* **WHAT THE EXERCISE ASKS**: Copy each line from the entries that the word "table" appears in.

* **INPUT FOR THIS TASK**:
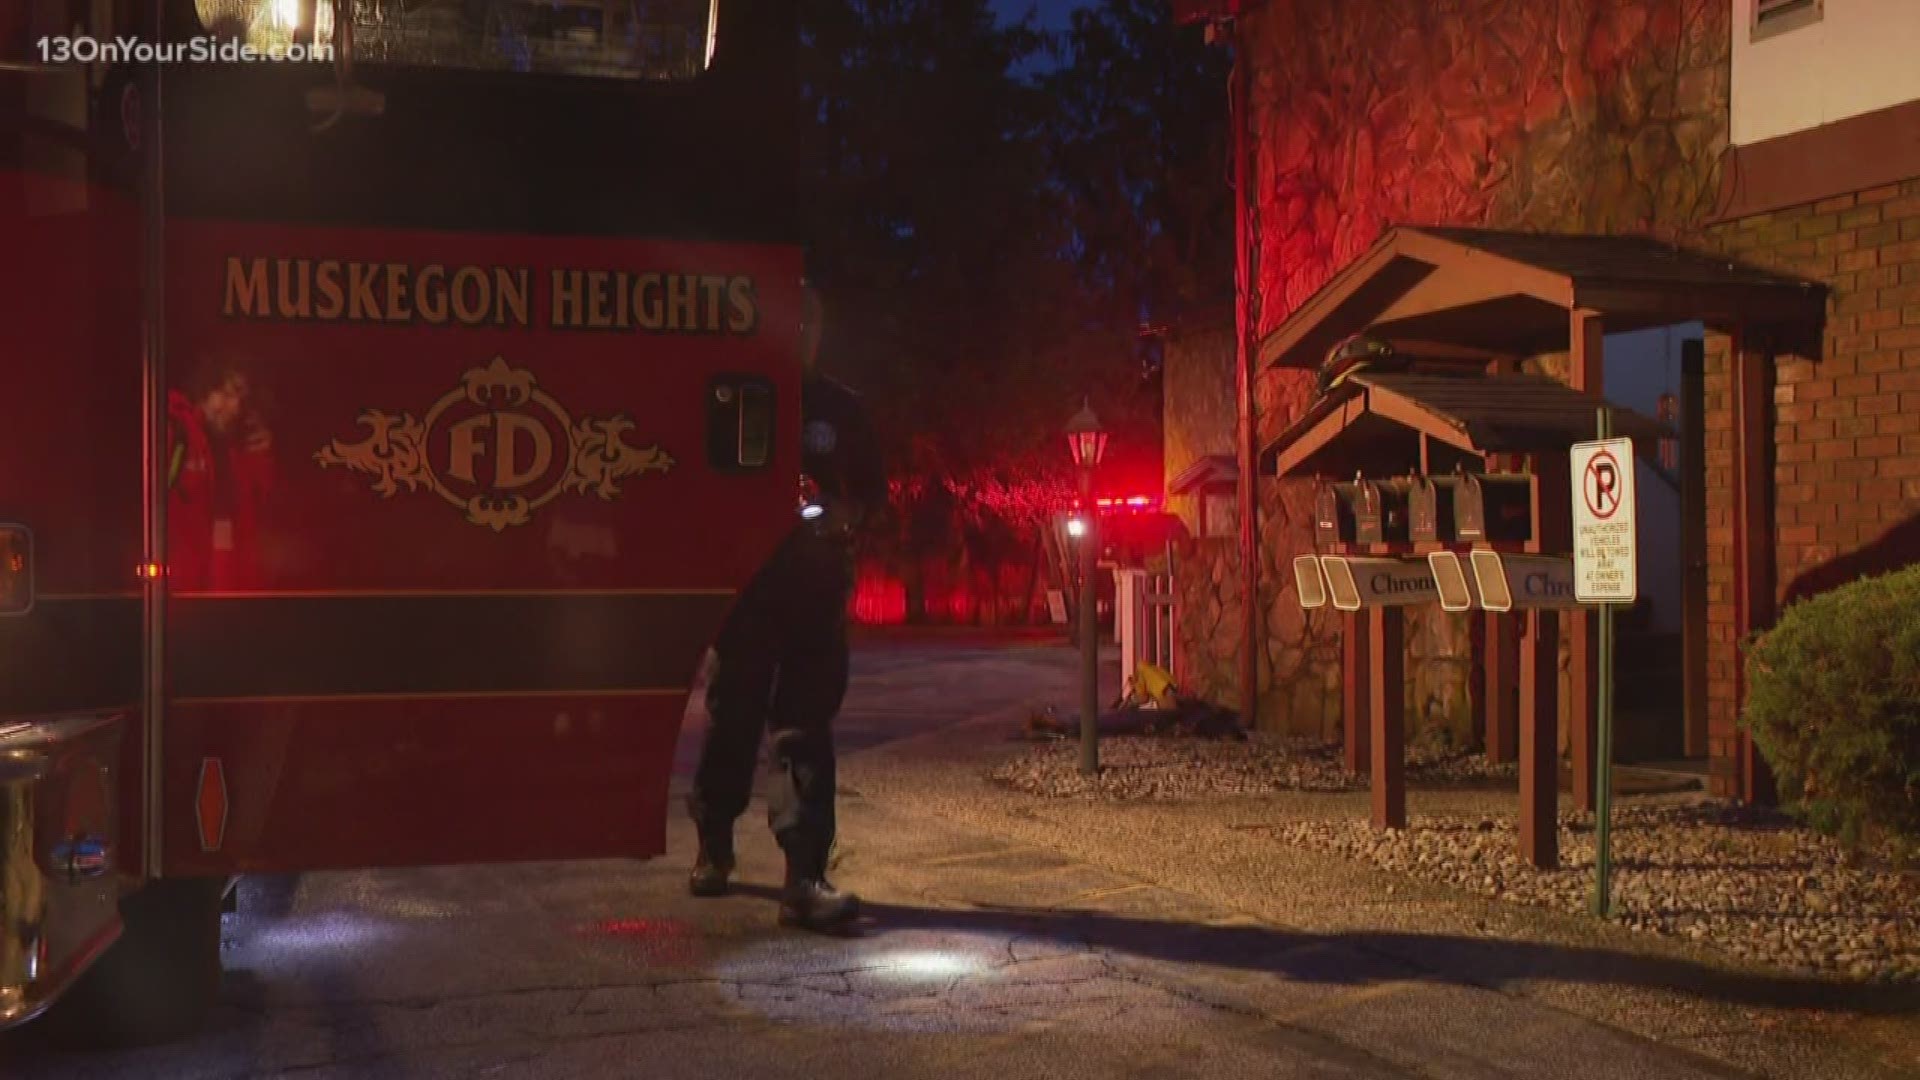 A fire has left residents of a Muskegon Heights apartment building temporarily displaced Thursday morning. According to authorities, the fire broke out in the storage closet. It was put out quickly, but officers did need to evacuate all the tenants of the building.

...

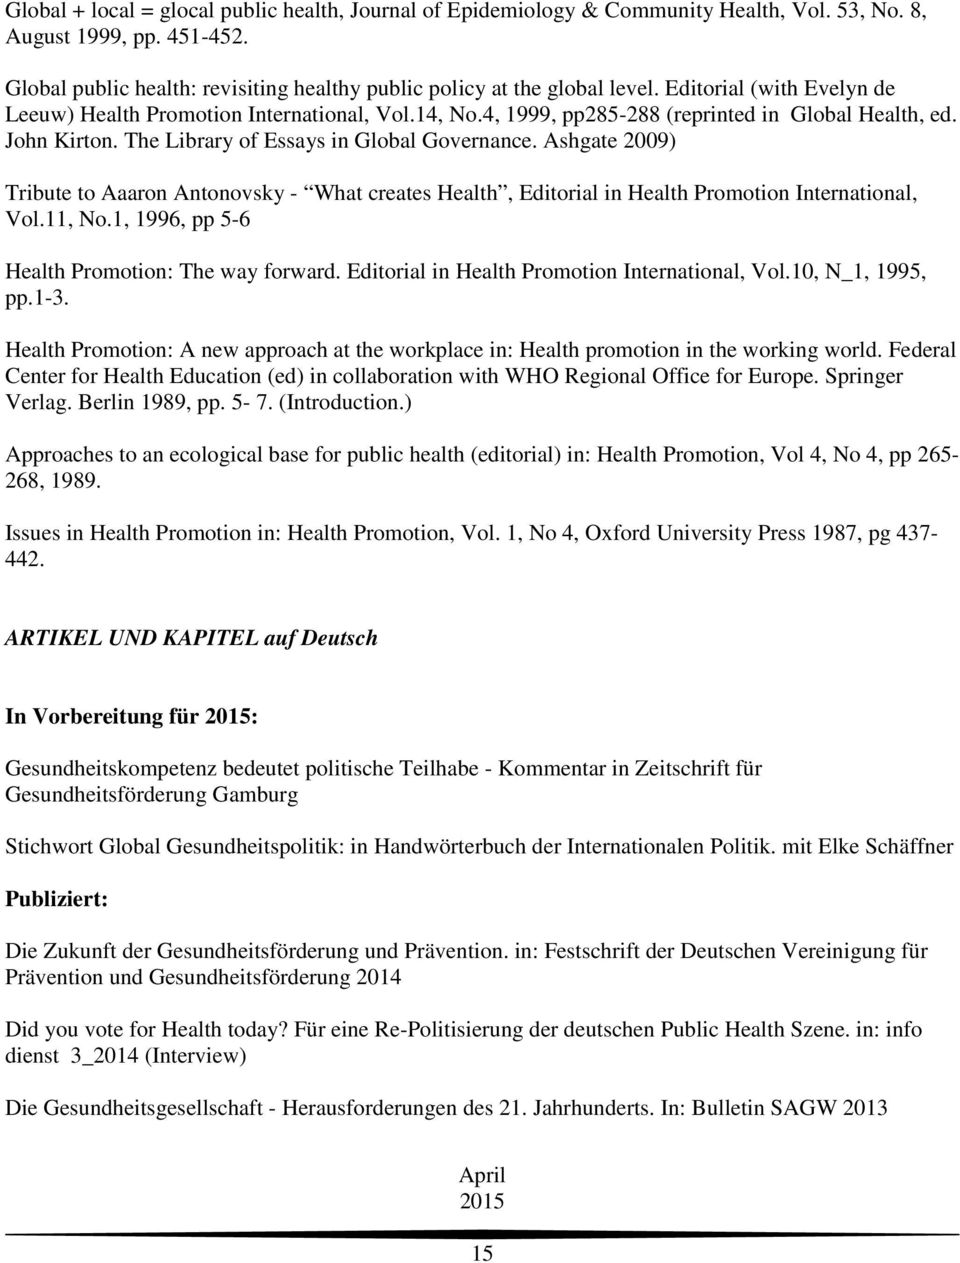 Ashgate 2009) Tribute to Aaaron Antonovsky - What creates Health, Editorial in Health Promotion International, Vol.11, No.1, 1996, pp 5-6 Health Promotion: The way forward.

--

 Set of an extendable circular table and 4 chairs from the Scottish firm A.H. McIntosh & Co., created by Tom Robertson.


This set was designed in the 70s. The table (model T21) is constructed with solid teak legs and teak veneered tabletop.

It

* **OUTPUT OF THE TASK**:
 Set of an extendable circular table and 4 chairs from the Scottish firm A.H. McIntosh & Co., created by Tom Robertson.
This set was designed in the 70s. The table (model T21) is constructed with solid teak legs and teak veneered tabletop.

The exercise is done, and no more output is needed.